Anyways, hope you guys enjoy!


----------



## Alexpatrascu (Jun 13, 2010)

Wow, nice grades you have there.

What's the soil you use in your tanks ?!?


----------



## msnikkistar (Sep 29, 2010)

I have different soils. But I use Mr. Aqua, Fluval Stratum, and ADA AS I.


----------



## Kerohime (Jan 10, 2011)

woweee!

I see BKKs!


----------



## msnikkistar (Sep 29, 2010)

Yessum, they are there.


----------



## Beijing08 (Jul 19, 2010)

no water marks? be careful


----------



## msnikkistar (Sep 29, 2010)

LOL

I am fine with no watermarks


----------



## sujeev87 (Oct 17, 2010)

REALLY nice shrimp!


----------



## matti2uude (Jan 10, 2009)

Wow! Very nice!


Sent from my iPhone using Tapatalk


----------



## camboy012406 (Jun 11, 2010)

Omg!! Im drooolin specially with you bkks. How did you bought them?


----------



## msnikkistar (Sep 29, 2010)

I got mine from Jiang604


----------



## srolls (Apr 25, 2010)

=O very nice shrimps


----------



## Kerohime (Jan 10, 2011)

BTW, what does "56K" mean in your title? the cost of all the shimp combined???


----------



## msnikkistar (Sep 29, 2010)

lol its a warning for people on dial up internet. HAHA


----------



## Ebi-Ken (Jul 9, 2010)

msnikkistar said:


> I got mine from Jiang604


You mean Ebi-Ken


----------



## msnikkistar (Sep 29, 2010)

No, I meant MEANIE!


----------



## msnikkistar (Sep 29, 2010)

My new shrimpies


----------



## Riceburner (Mar 14, 2008)

that's a lot.....for lunch.


----------



## sujeev87 (Oct 17, 2010)

WOW, that's a lot of shimps


----------



## Ebi-Ken (Jul 9, 2010)

msnikkistar said:


> My new shrimpies


Whoa! who did u get those from!?


----------



## msnikkistar (Sep 29, 2010)

Ebi-Ken said:


> Whoa! who did u get those from!?


Well you should know, since you are the one who did! Duh! lol


----------



## camboy012406 (Jun 11, 2010)

damn/!!!!!!!!!!! so many! they live in a box?


----------



## msnikkistar (Sep 29, 2010)

I just got them in this morning  Thats my acclimation tubberware =X


----------



## msnikkistar (Sep 29, 2010)

My babies (About 4 weeks?
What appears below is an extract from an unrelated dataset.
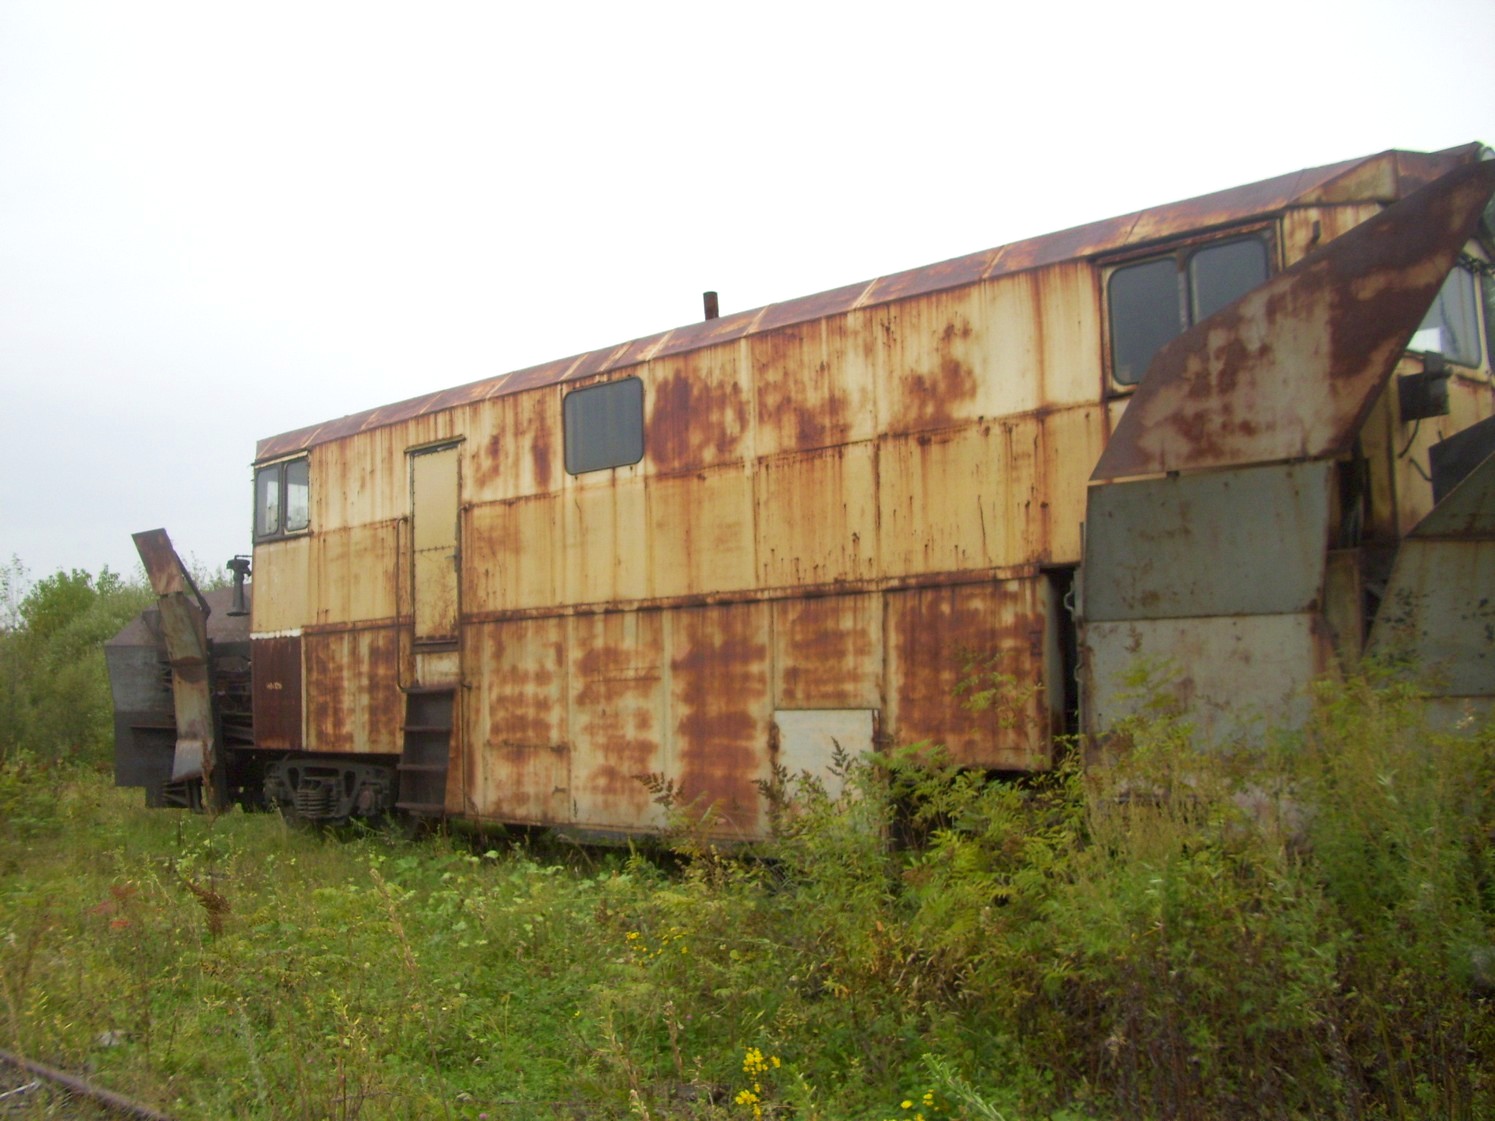 Оборская железная дорога — фотографии, сделанные в 2009 году (часть 4)

I think)

















My hybrid with BKK berried again


----------



## J-P (Feb 27, 2011)

ohhh drool!!!!!

very jealous.


----------



## splur (May 11, 2011)

Do the black and red crystal shrimp interbreed?


----------



## Kerohime (Jan 10, 2011)

splur said:


> Do the black and red crystal shrimp interbreed?


yes. they do.


----------



## novice (Mar 14, 2006)

great collection - drolling - wish the KK & pandas get a bit afforadable.

what is your greatest challenge in keeping them ? and what do you intending doing with that many CBS - and more and more tanks on the way


----------



## msnikkistar (Sep 29, 2010)

Here is a shot of my custom tank. 
CBS are on the far left, CRS in the middle, and Blue Blues and PFR on the right.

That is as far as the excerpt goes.